Solving a VM-based CrackMe
Happy New Year! It’s been a while since I’ve posted anything here, as I’ve been quite occupied with a few other things – such as the Zero2Hero course that Vitali and I developed alongside SentinelOne, as well as migrating this site from one hosting provider to another, which caused a few issues but should all be fixed now!
Anyway, I’ve been wanting to post for a while now and recently came across MalwareTech’s VM1 challenge that I decided to have a go at. I personally find VM usage quite interesting, although very difficult to understand – for example the VM used in Pitou or FinSpy. Therefore, I decided to start off with a pretty simple challenge, so let’s get reversing!

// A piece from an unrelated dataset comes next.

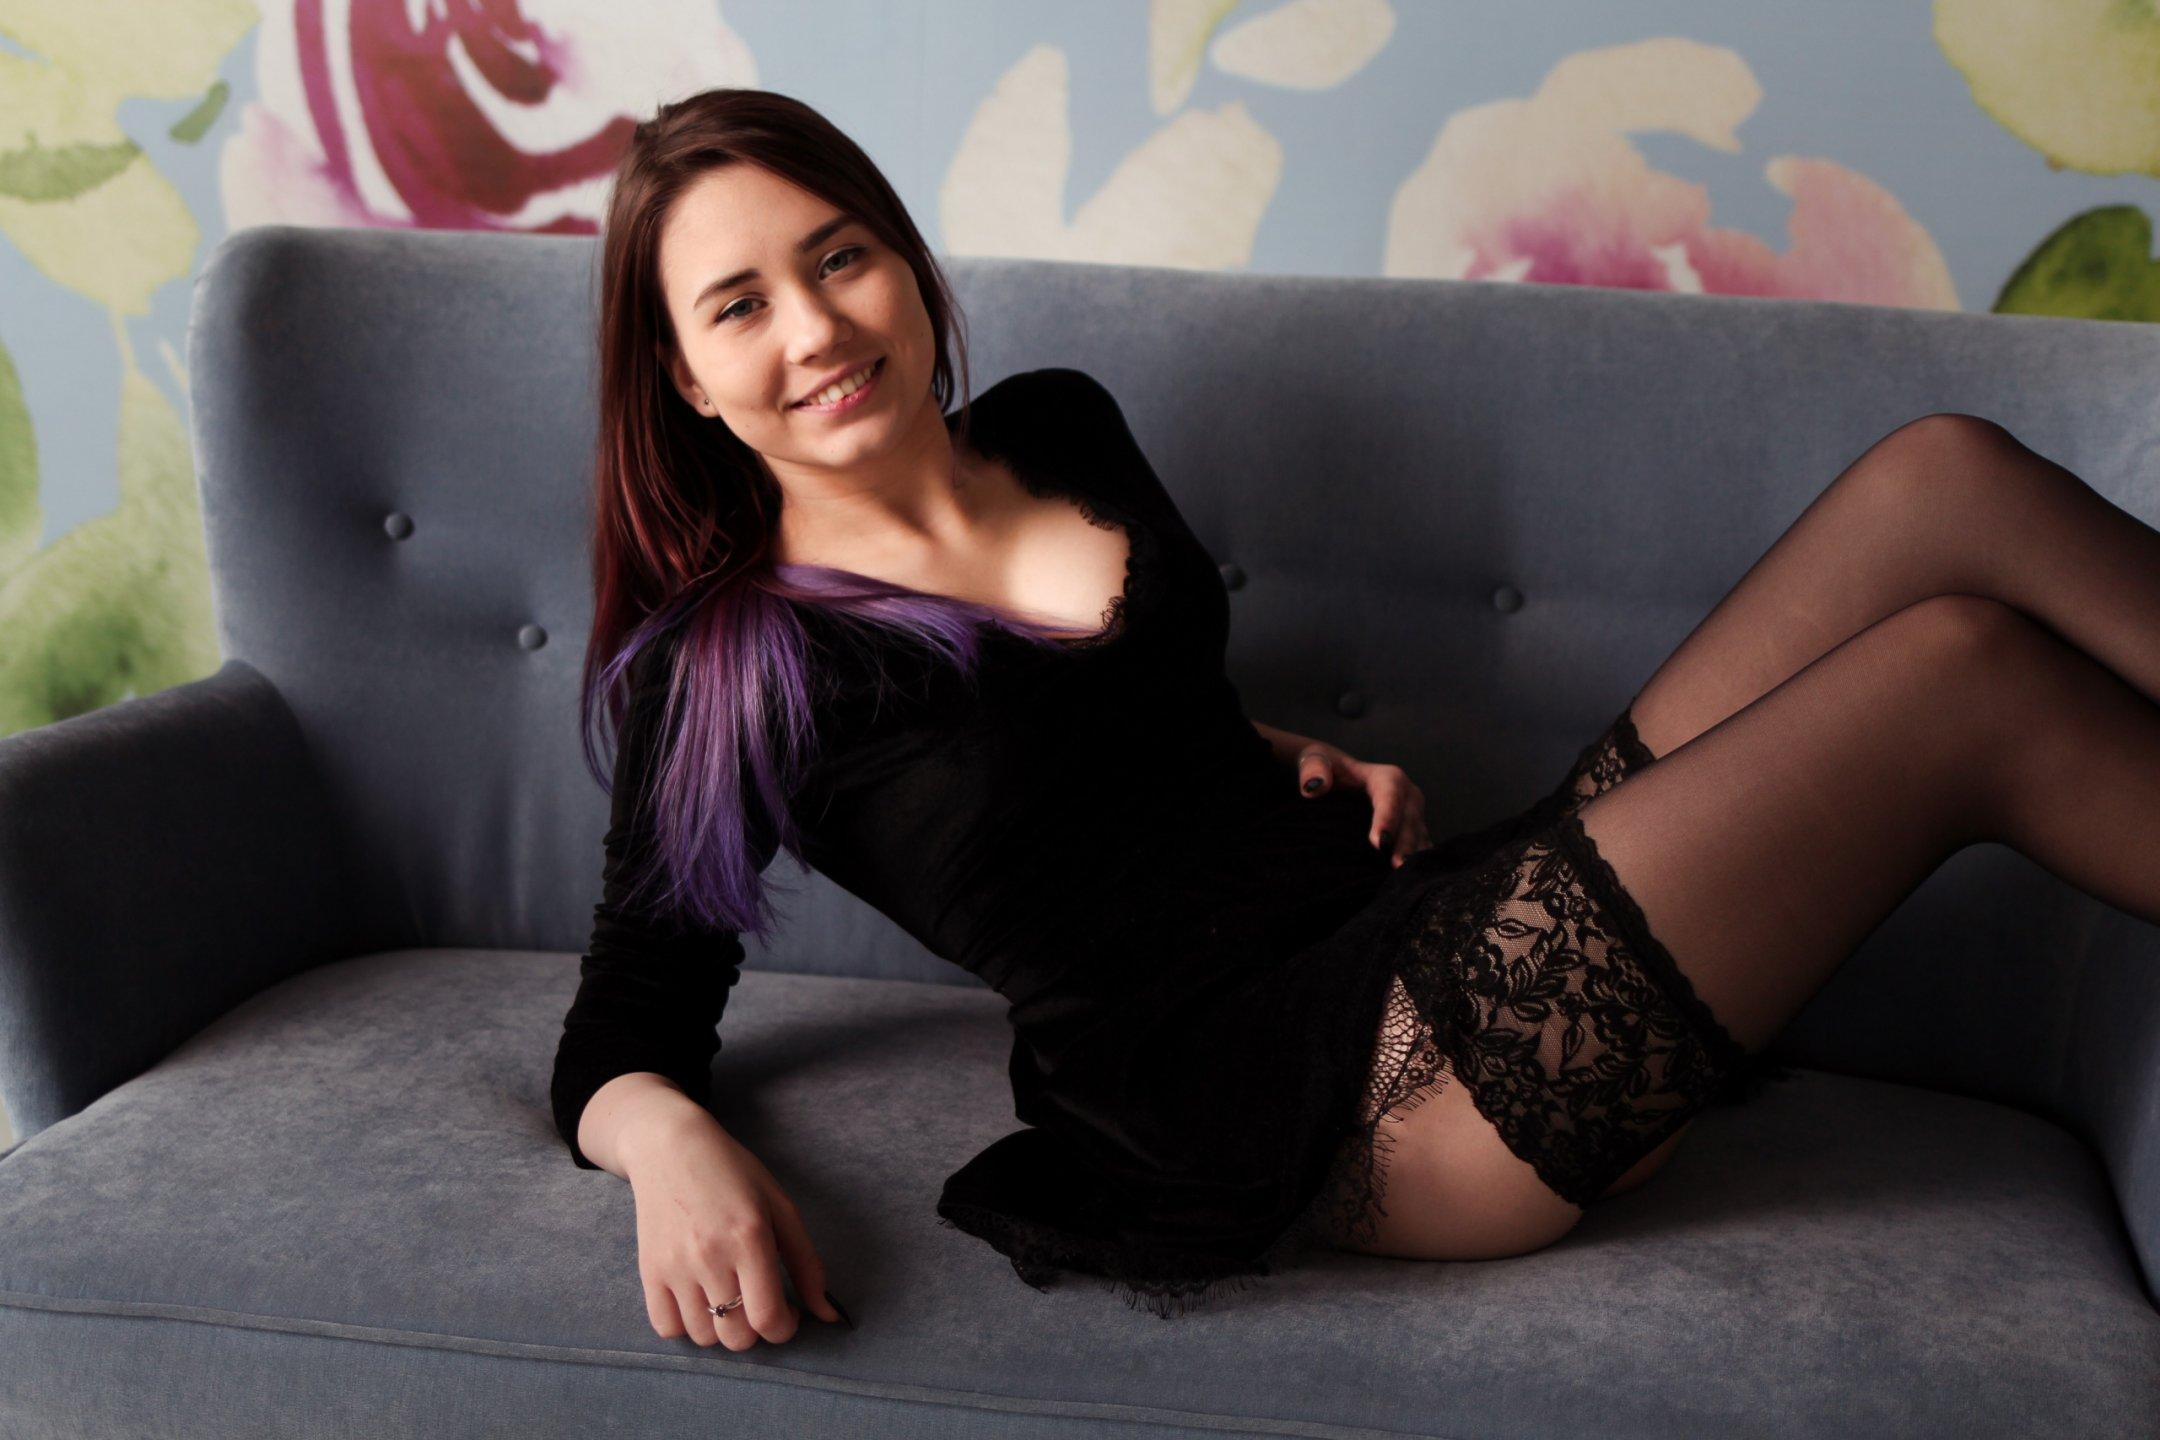 jeune Web cam sexe fille noire Hard Core Porn

If you want to attempt the challenge, you can grab it from here.
So, the description of the challenge reads:
vm1.exe implements a simple 8-bit virtual machine (VM) to try and stop reverse engineers from retrieving the flag. The VM’s RAM contains the encrypted flag and some bytecode to decrypt it. Can you figure out how the VM works and write your own to decrypt the flag? A copy of the VM’s RAM has been provided in ram.bin (this data is identical to the ram content of the malware’s VM before execution and contains both the custom assembly code and encrypted flag).
And the rules are:
You are not required to run vm1.exe, this challenge is static analysis only.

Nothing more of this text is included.